I picked up Box 3 this evening and opened it to find a very colorful box. This time I got: more leeks, more red potatoes, a sweet mama squash (which I’ve never even seen before!), beets, radishes, baby arugula, green beans, kale, red and green peppers and chives. A lot of these are not things I would normally buy, so I went searching away on the internet for what I might do with these lovelies. I found a few things, but I’m still lacking in inspiration, especially with the green beans and the beets (I’ve never been much of a beet person, but I’m ready to be persuaded), so if you have anything you love to do with any of these veggies, please share!

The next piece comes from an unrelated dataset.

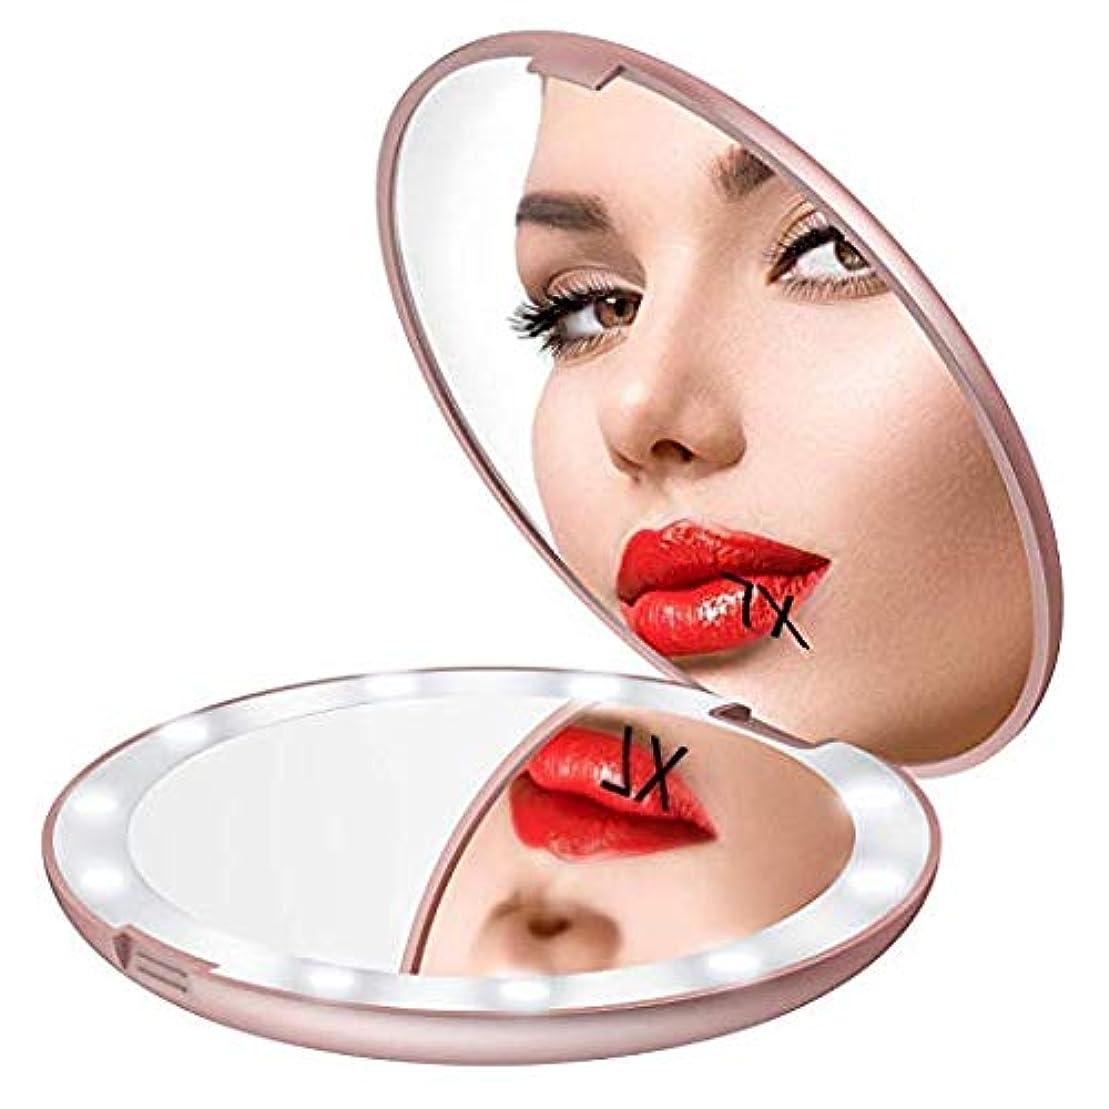 変換するカンガルー試用Gospire 化粧鏡 7倍拡大鏡 携帯ミラー 化粧ミラー LEDライト 手鏡 折りたたみ式 コンパクト 角度調整可 (ピンクゴールド)

For those of you who are waiting to hear about Rhinebeck, I promise coverage is coming soon.
Since I’ve already expanded the geographic scope of the blog, I figure why not expand the substantive scope as well. Mainly, since I now get home before 8:30 pm I’m trying to cook more. And since cooking makes it easier to do so I’m trying to eat healthier and more locally whenever possible. I thought in this case that I might show you some food related things as well craft related things from now on. Let’s give it a go shall we? So with that in mind…
Today was a very exciting day for me. Today was pick-up day, for the first week of the Fall CSA I joined. I signed up for a half share of the Fall Semester CSA from Wimer’s Organics, so I get a giant box of organic veggies every other week. Gladly it’s only every other week because there is no way little old me could eat all that food by herself every week. I will have to practice using the more perishable items earlier in the times between boxes.
Here’s what’s in this weeks box: Lettuce, Cabbage, a huge Daikon Radish, Cherry Tomatoes, a few Heirloom Tomatoes, Scallions, Shallots, Garlic, Red Potatoes, a sizable head of Broccoli and a lovely little Acorn Squash.
Part of what appealed to me about joining a CSA was the exposure to veggies I probably wouldn’t buy on my own. Many of my friends in CSAs talk about how they have to come up with ways to use things they never cook with. I would really like to be forced into expanding the scope of the foods I usually make and getting out of my food rut. A number of veggies in the box fall into that category, while others are personal favorites. I’ve been spending my evening scouring the internet for recipe options. I’m most intrigued by the Daikon Radish and it’s possibilities for Asian inspired yumminess.
I’m headed back to DC for the weekend & I’m going to take some veggies back with me to cook there. Hopefully I will have something nice to show you when I get back.